COORDINATION IS ESSENTIAL
A little more than a year after deploying in July 2021, SAMIM began to switch its focus from primarily military operations to a combination of military, civilian, police and correctional operations, according to SADC.
South African Maj. Gen. Xolani Mankayi, SAMIM force commander, said the transition would see the components working together to restore peace and stability in Cabo Delgado. He called on stakeholders to support the Cabo Delgado Reconstruction Plan, which aims to restore public services, rebuild infrastructure and promote socioeconomic recovery.
In July 2022, SAMIM welcomed new troops to the mission. At that time, Brig. Simon M. Barwabatsile of Botswana, mission deputy force commander, explained the importance of humanitarian assistance to new arrivals. “In our achievement as a collective we need civilian involvement to play various roles, such as undertaking confidence-building programs, in order to eliminate mistrust within our society in Cabo Delgado province,” he said, according to a video from SA Defence News. “Cohesion remains our cornerstone in order to foster peace and security as well as to sustain social economic development in Cabo Delgado province.”

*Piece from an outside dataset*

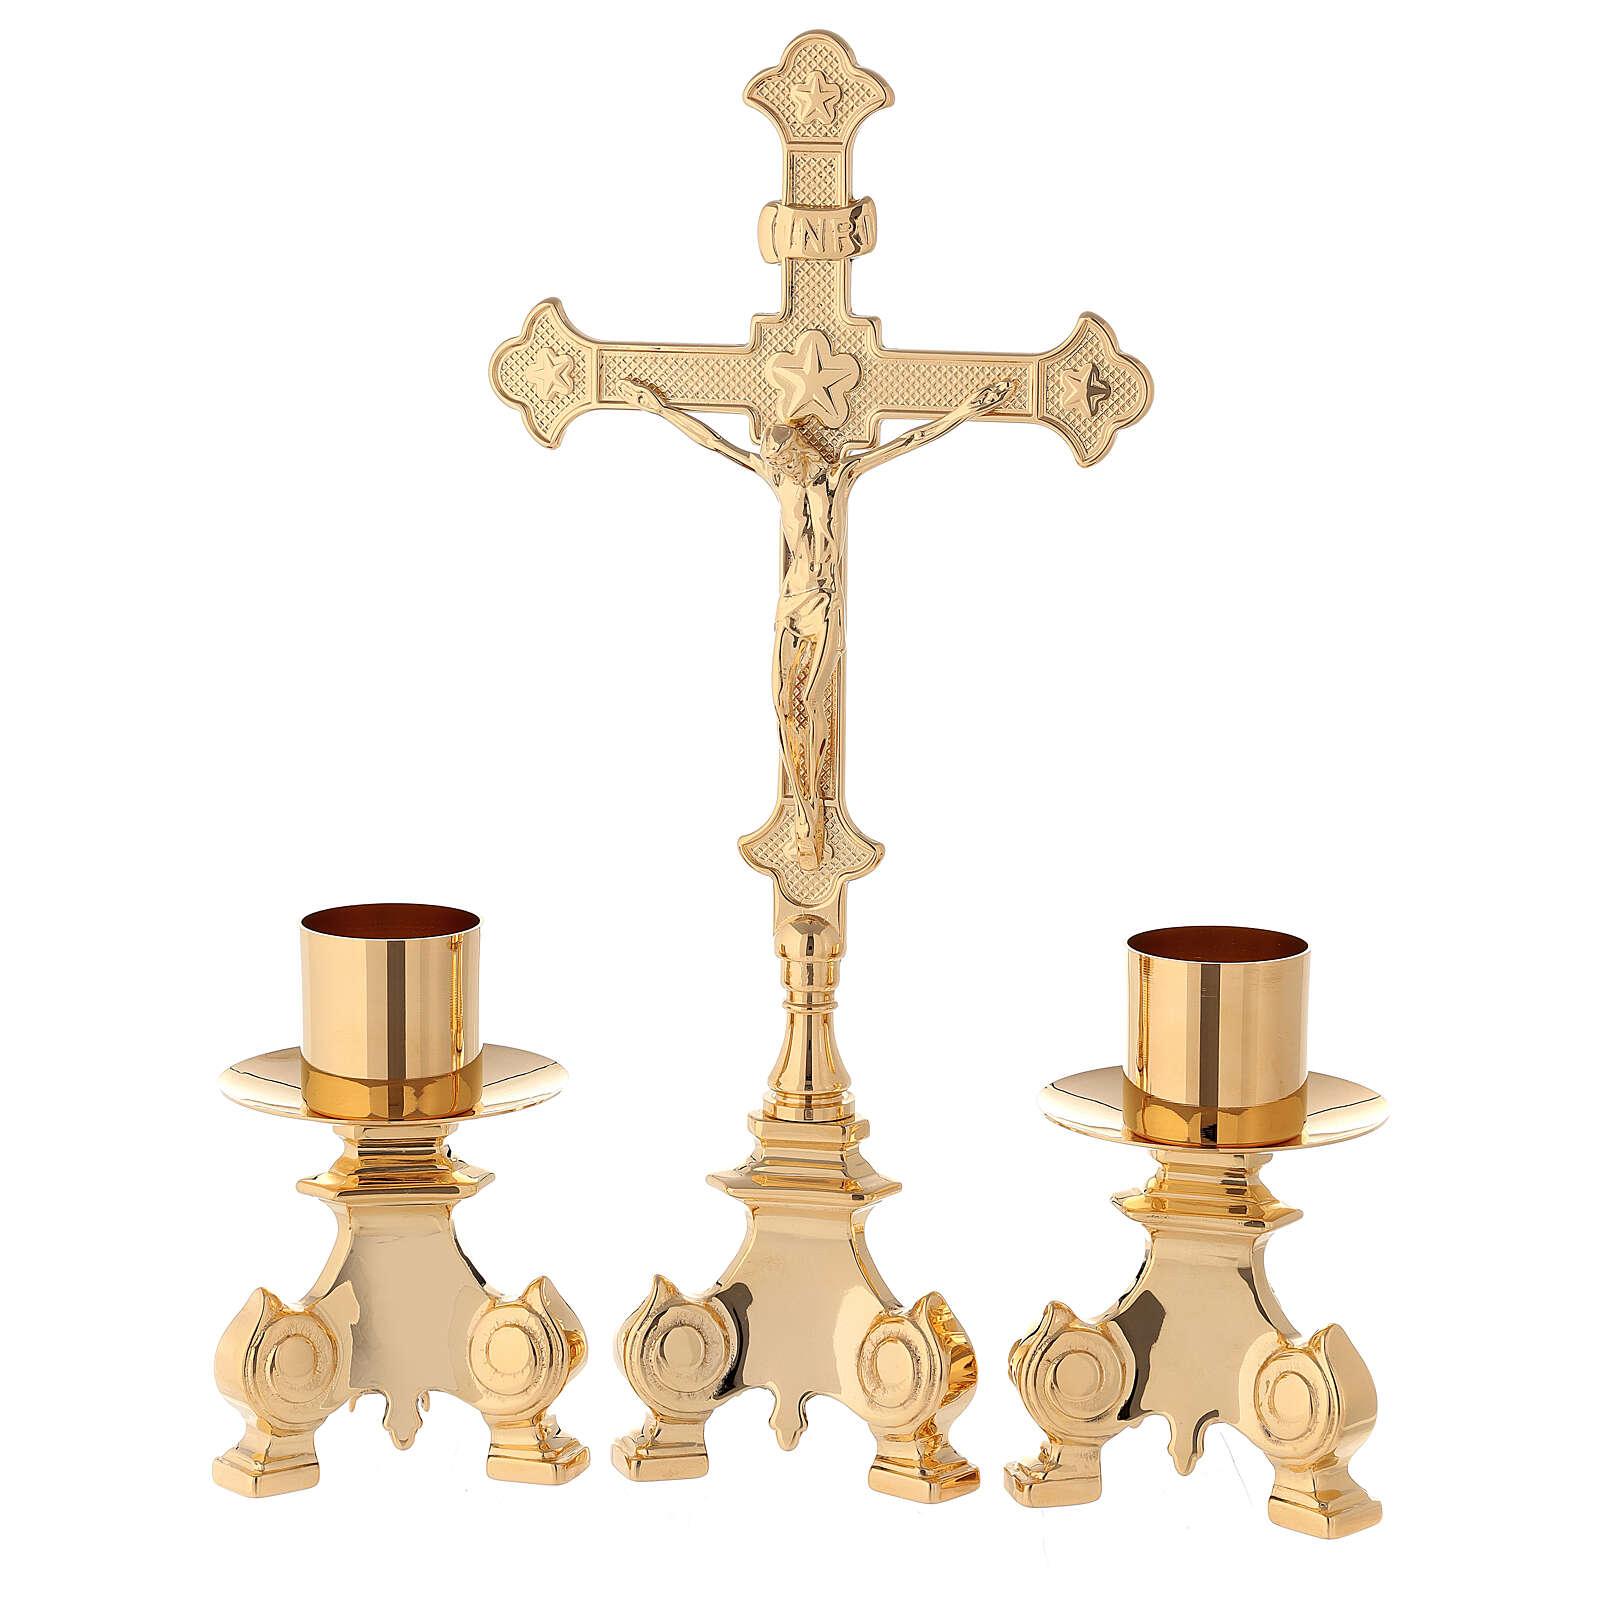 Completo altar cruz y candeleros latón 35 cm 4

As SAMIM forces sought to extend their civilian outreach focus, awareness of humanitarian partners and their differing mandates and responsibilities would be essential. To that end, SAMIM and the United Nations Office for the Coordination of Humanitarian Affairs conducted humanitarian induction training for new members of the Botswana Defence Force stationed in Pemba during April 2023.
Training included the international legal framework applied to IDPs, the principles of humanitarian action, international human rights law and the various humanitarian actors in the region.
By mid-2023, SAMIM was continuing to make headway in its battle against insurgents. Cabo Delgado Gov. Valige Tauabo told Zumbo FM radio in June 2023 that more than 400,000 IDPs had returned home.
As SAMIM continues in Cabo Delgado, it will be important for the mission to gradually hand over the work of providing essential services to the Mozambican government. This will be challenging, Eizenga said. Mediated political engagement will be needed between local authorities and national officials out of the capital, Maputo, to help make this happen.
“What becomes crucial is that they can pass the baton at some point.”
MISSION PROFILE: Southern African Development Community Mission in Mozambique (SAMIM)
The SADC mission was deployed in Mozambique on July 15, 2021, as a regional response to help the nation combat terrorism and acts of violent extremism against civilians in some districts of Cabo Delgado province.
The SAMIM mandate includes neutralizing terrorist threats and restoring security to create a secure environment, strengthening and maintaining peace and security, and restoring law and order in affected areas of the province. It also supports Mozambique, in collaboration with humanitarian agencies, to continue providing relief to populations affected by terrorism, including internally displaced persons.
Since its deployment, SAMIM has recaptured villages, dislodged terrorists from their bases, and seized weapons and warfare materiel, which has helped ensure safer passage for humanitarian support.
Eight SADC countries have deployed troops under SAMIM. They are Angola, Botswana, the Democratic Republic of the Congo, Lesotho, Malawi, South Africa, Tanzania and Zambia. SAMIM troops work with Mozambican forces and other troops, such as those deployed by Rwanda, to combat acts of terrorism and violent extremism.
In mid-July 2023, SADC extended the SAMIM mandate for another year.